EXERCISE PROMPT:
Leaving the pictures aside, repeat every line below exactly.

DATA BELOW:
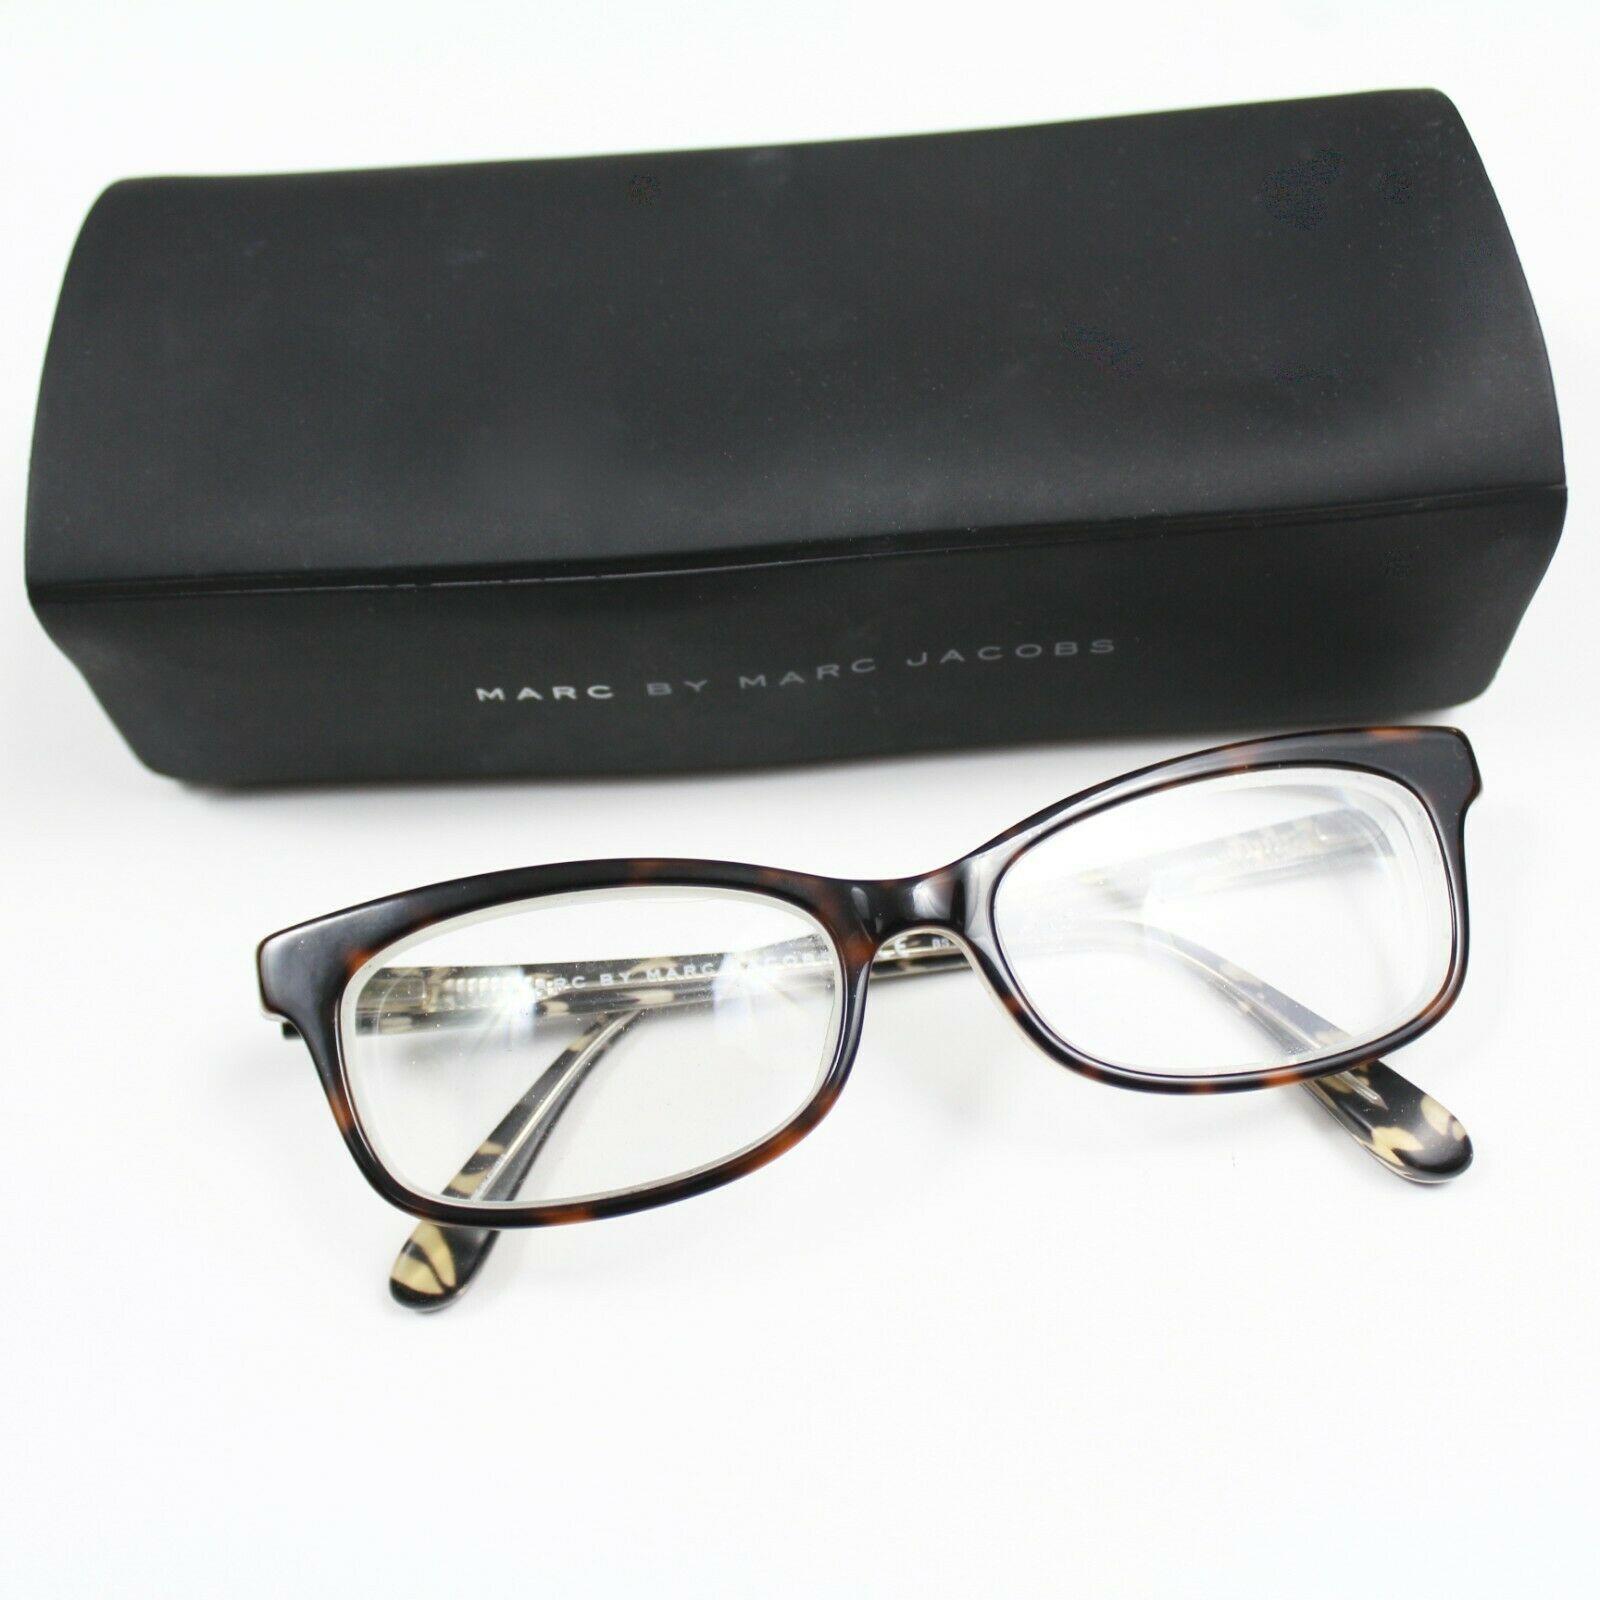 Marc by Marc Jacobs MMJ 486 OA3 Tortoise RX Eyeglasses Frames 52 16 135 Case - $69.29
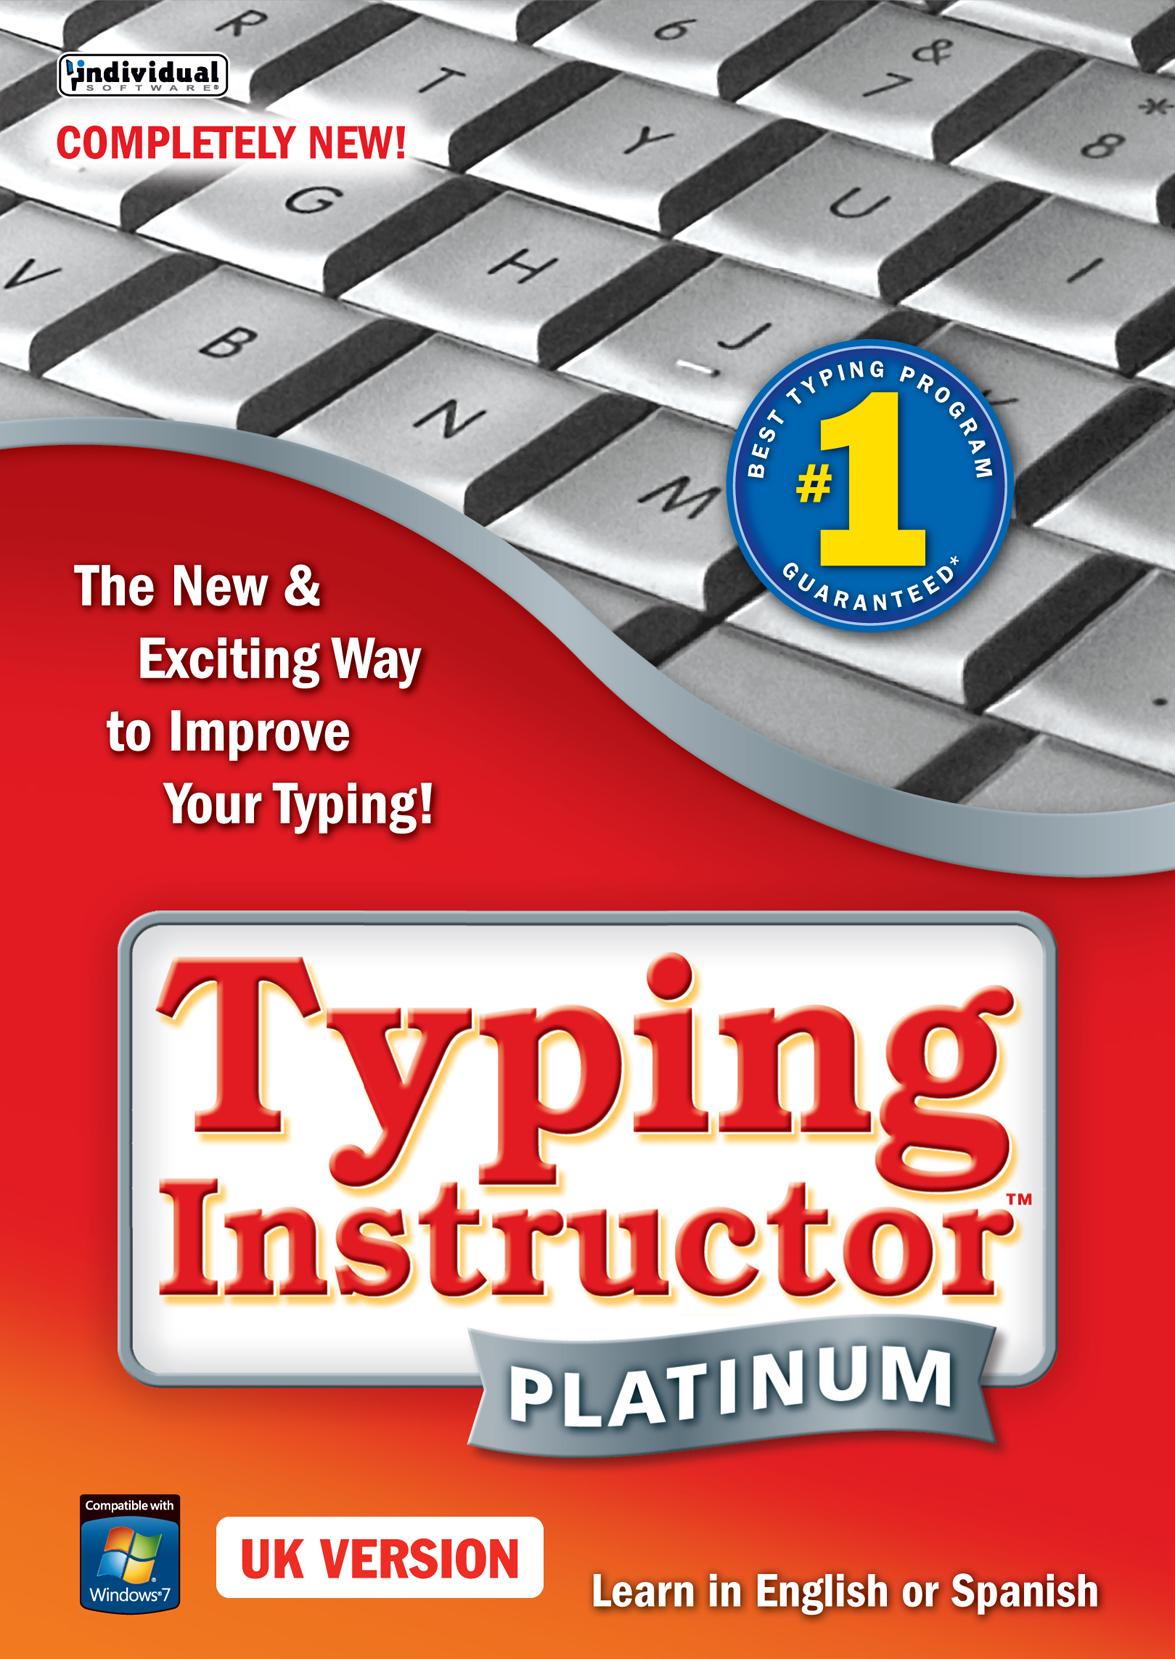 Typing Instructor Platinum 21 – Full UK English Version [Download] Test
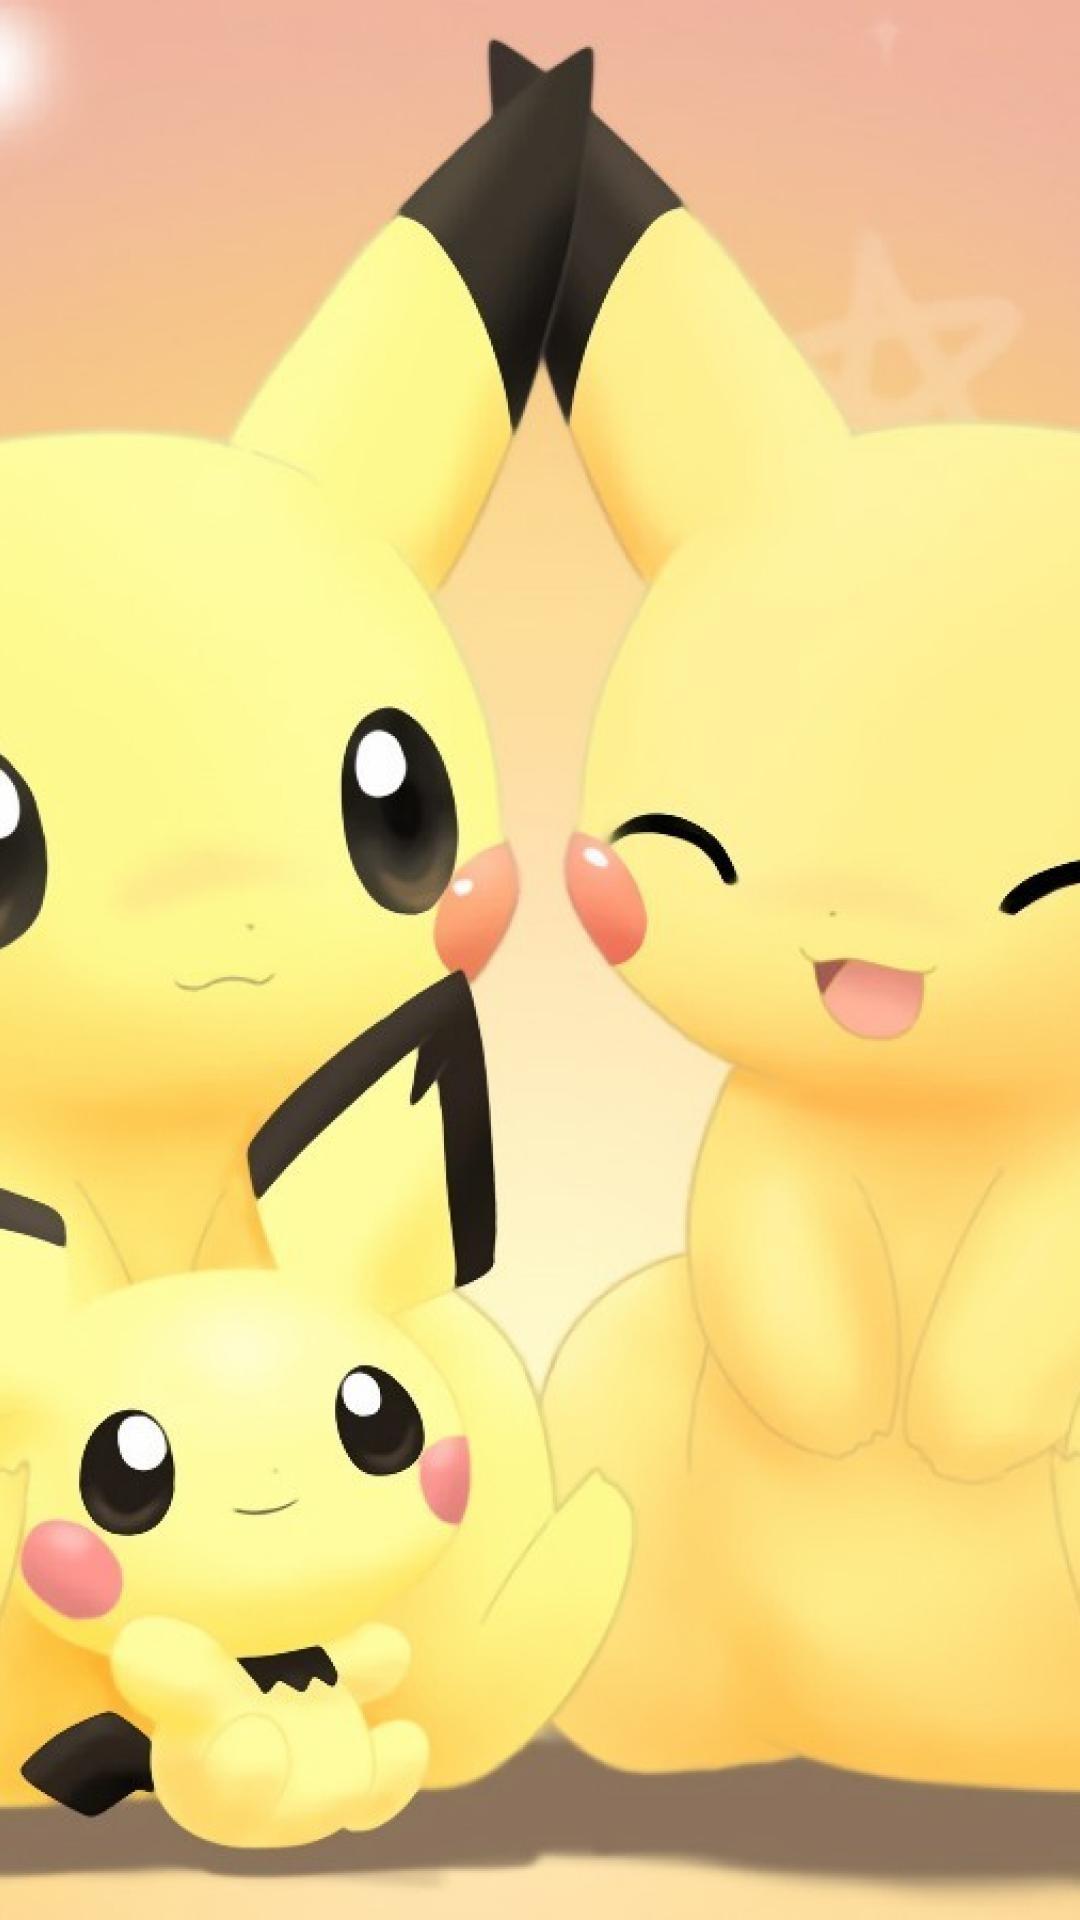 download-pokemon-iphone-backgrounds-wallpaper-hd-08
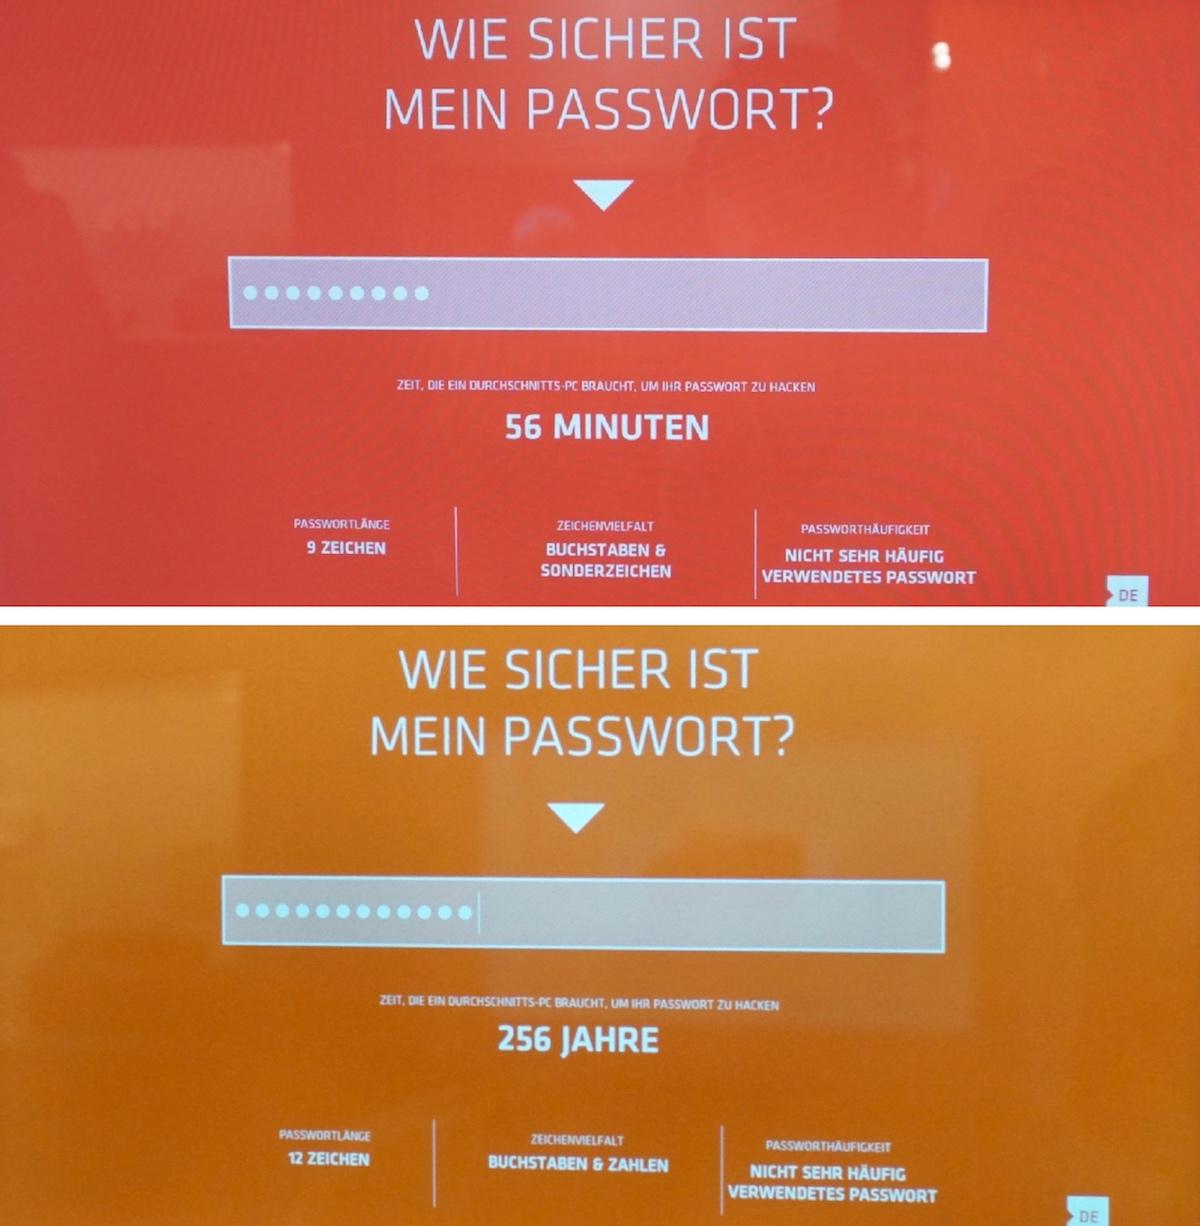 Deutsches Spionagemuseum, Passwort-Hacker

RESULT OF THIS EXERCISE:
 Marc by Marc Jacobs MMJ 486 OA3 Tortoise RX Eyeglasses Frames 52 16 135 Case - $69.29
 Typing Instructor Platinum 21 – Full UK English Version [Download] Test
 download-pokemon-iphone-backgrounds-wallpaper-hd-08
 Deutsches Spionagemuseum, Passwort-Hacker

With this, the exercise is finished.